To get array of only last 4 characters you need to go over each item of the array like this:

for i in range(len(andatum)):
    andatum[i] = andatum[i][:-4]

Or to keep things more tidy, this oneliner should also do the work:

andatum = [x[:-4] for x in andatum]

Answered By: Adam Ježek

Looks like you have a 1d array of strings:

In [28]: arr = np.array(['15.11.1999']*6)    
In [29]: arr
Out[29]: 
array(['15.11.1999', '15.11.1999', '15.11.1999', '15.11.1999',
       '15.11.1999', '15.11.1999'], dtype='<U10')

numpy is better for numbers than strings. This array is little better than a list of strings. But for convenience, numpy has a set of functions that apply string methods to the elements of an array.

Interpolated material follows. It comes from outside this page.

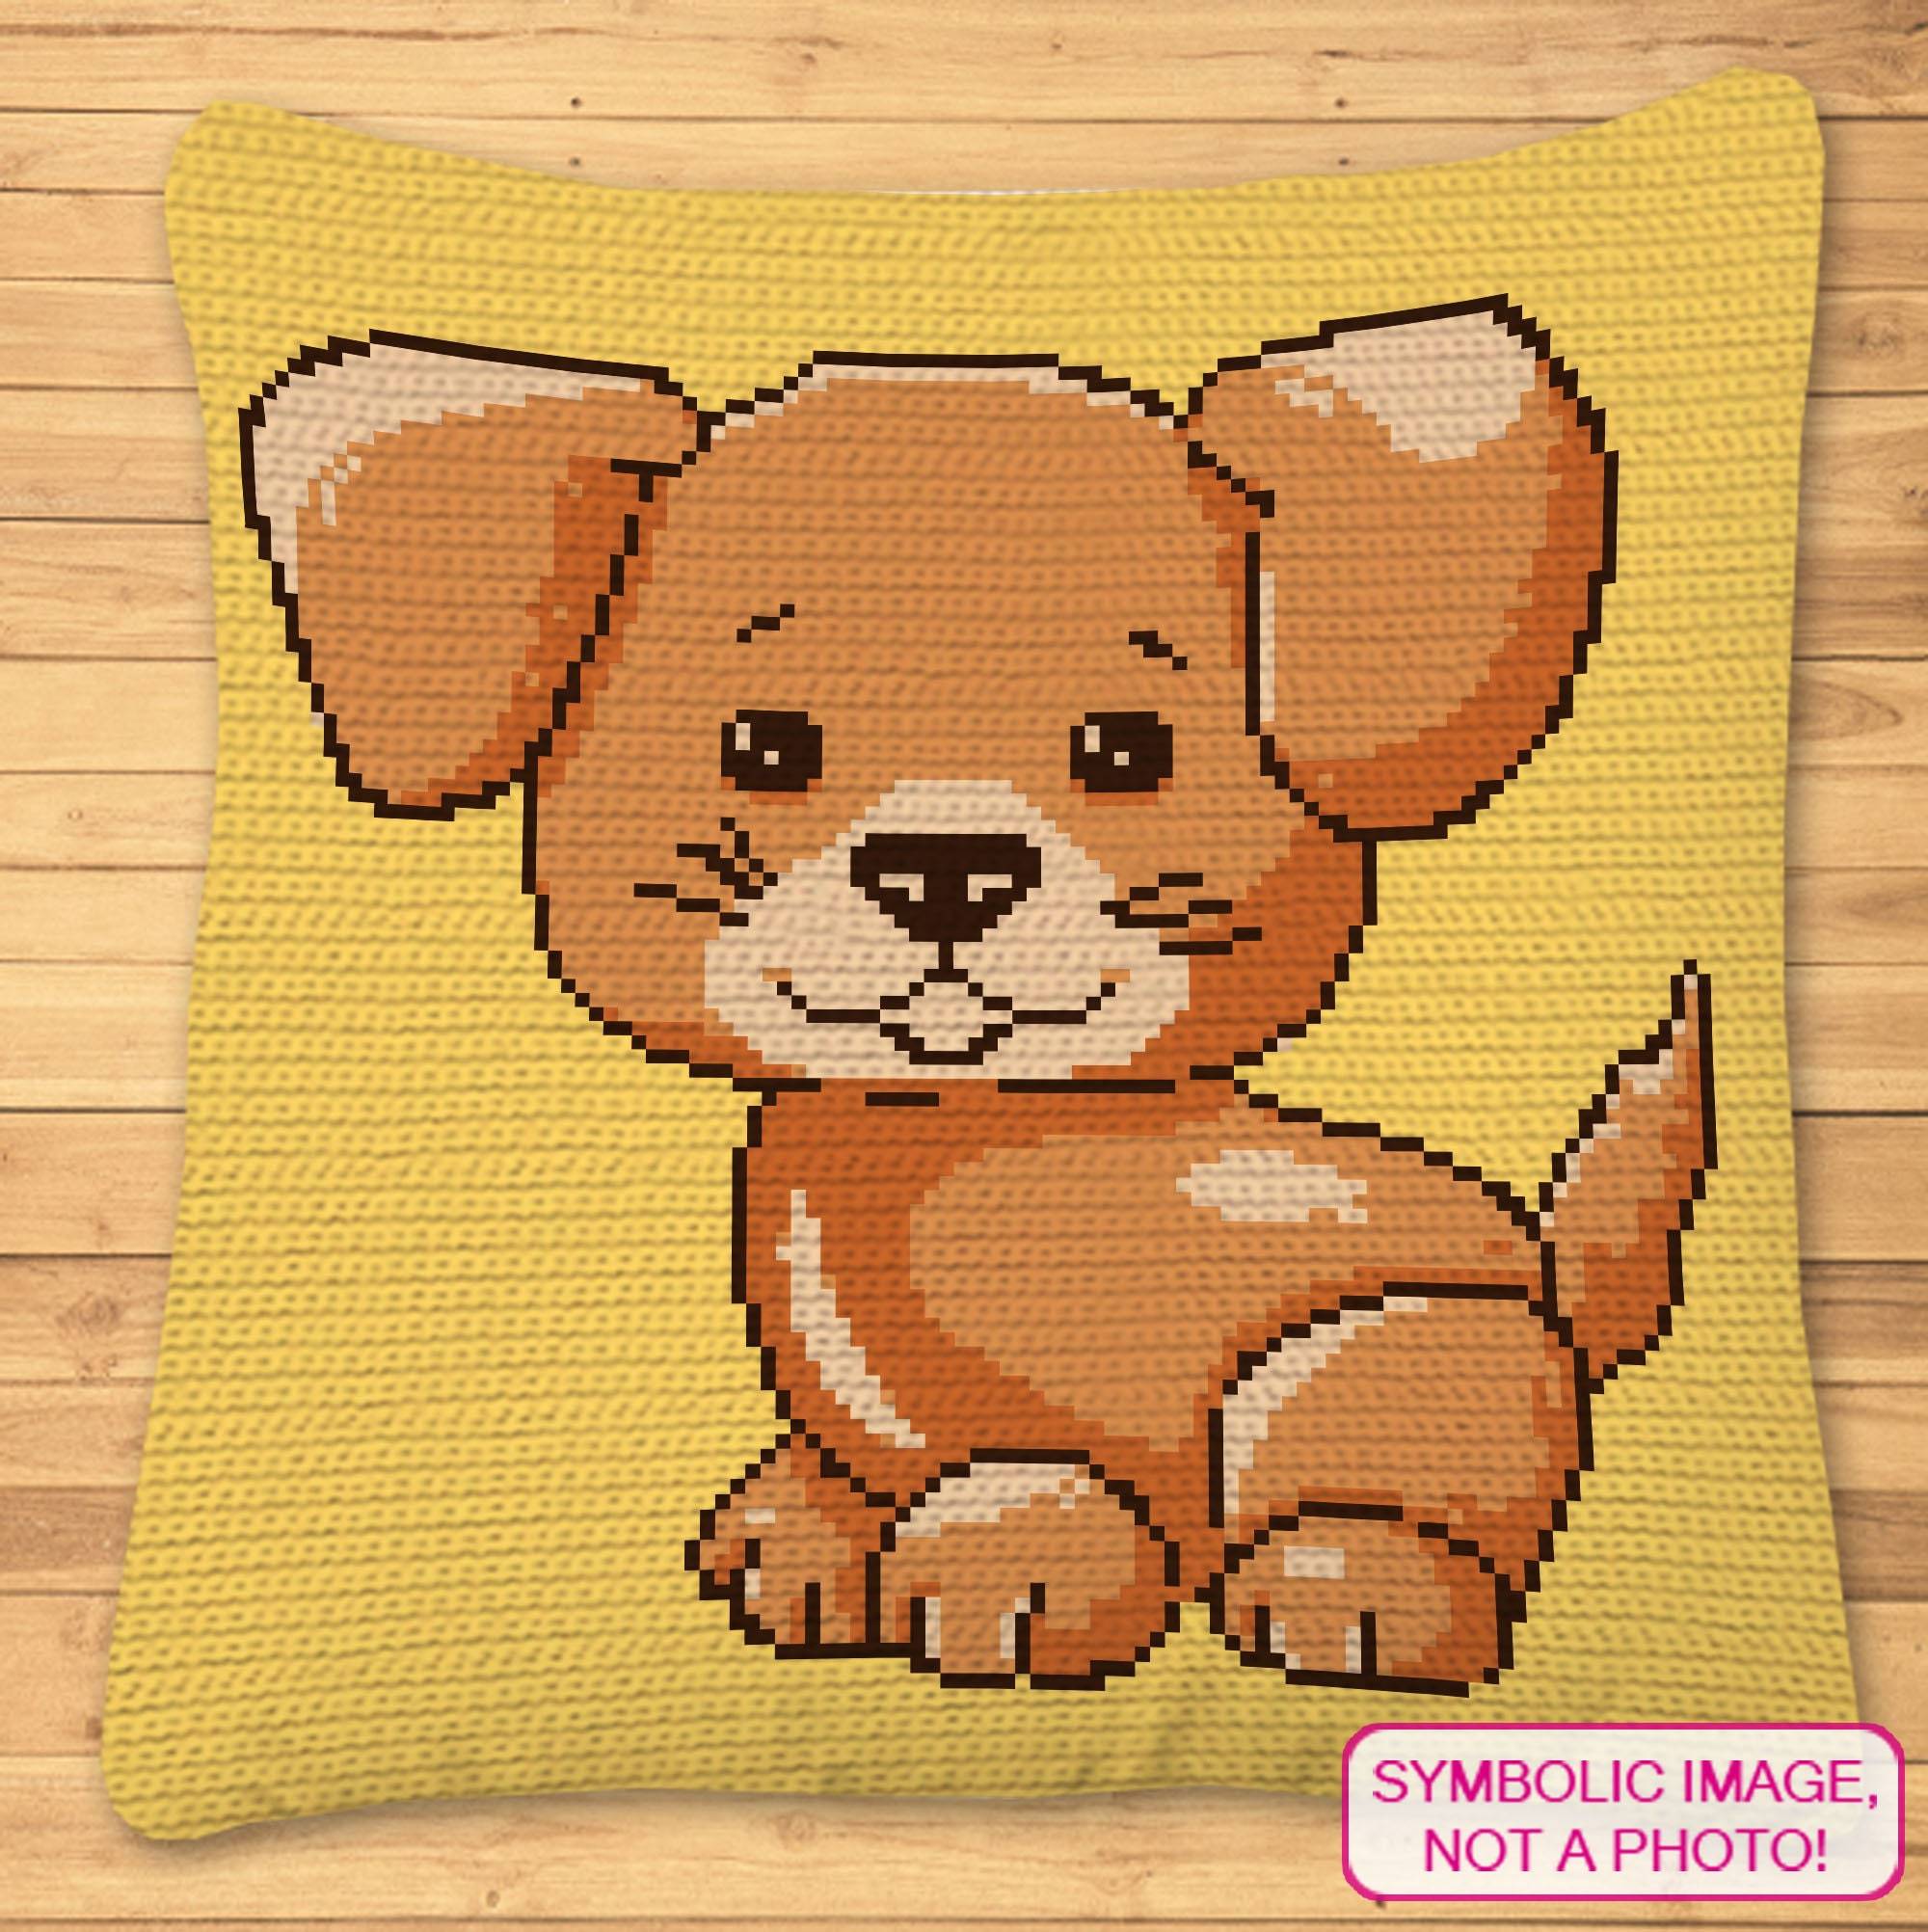 Tapestry Crochet Dog Blanket, Cute Puppy Crochet Pillow Pattern

In [30]: np.char.split(arr, sep='.')
Out[30]: 
array([list(['15', '11', '1999']), list(['15', '11', '1999']),
       list(['15', '11', '1999']), list(['15', '11', '1999']),
       list(['15', '11', '1999']), list(['15', '11', '1999'])],
      dtype=object)

We can convert this to a 2d array of strings with stack (or vstack):

In [31]: np.stack(_)
Out[31]: 
array([['15', '11', '1999'],
       ['15', '11', '1999'],
       ['15', '11', '1999'],
       ['15', '11', '1999'],
       ['15', '11', '1999'],
       ['15', '11', '1999']], dtype='<U4')

And select a column:

In [32]: np.stack(_)[:,2]
Out[32]: array(['1999', '1999', '1999', '1999', '1999', '1999'], dtype='<U4')

np.char does not have a function to index the strings. For that we have to stick with a list comprehension

In [33]: [i[-4:] for i in arr]
Out[33]: ['1999', '1999', '1999', '1999', '1999', '1999']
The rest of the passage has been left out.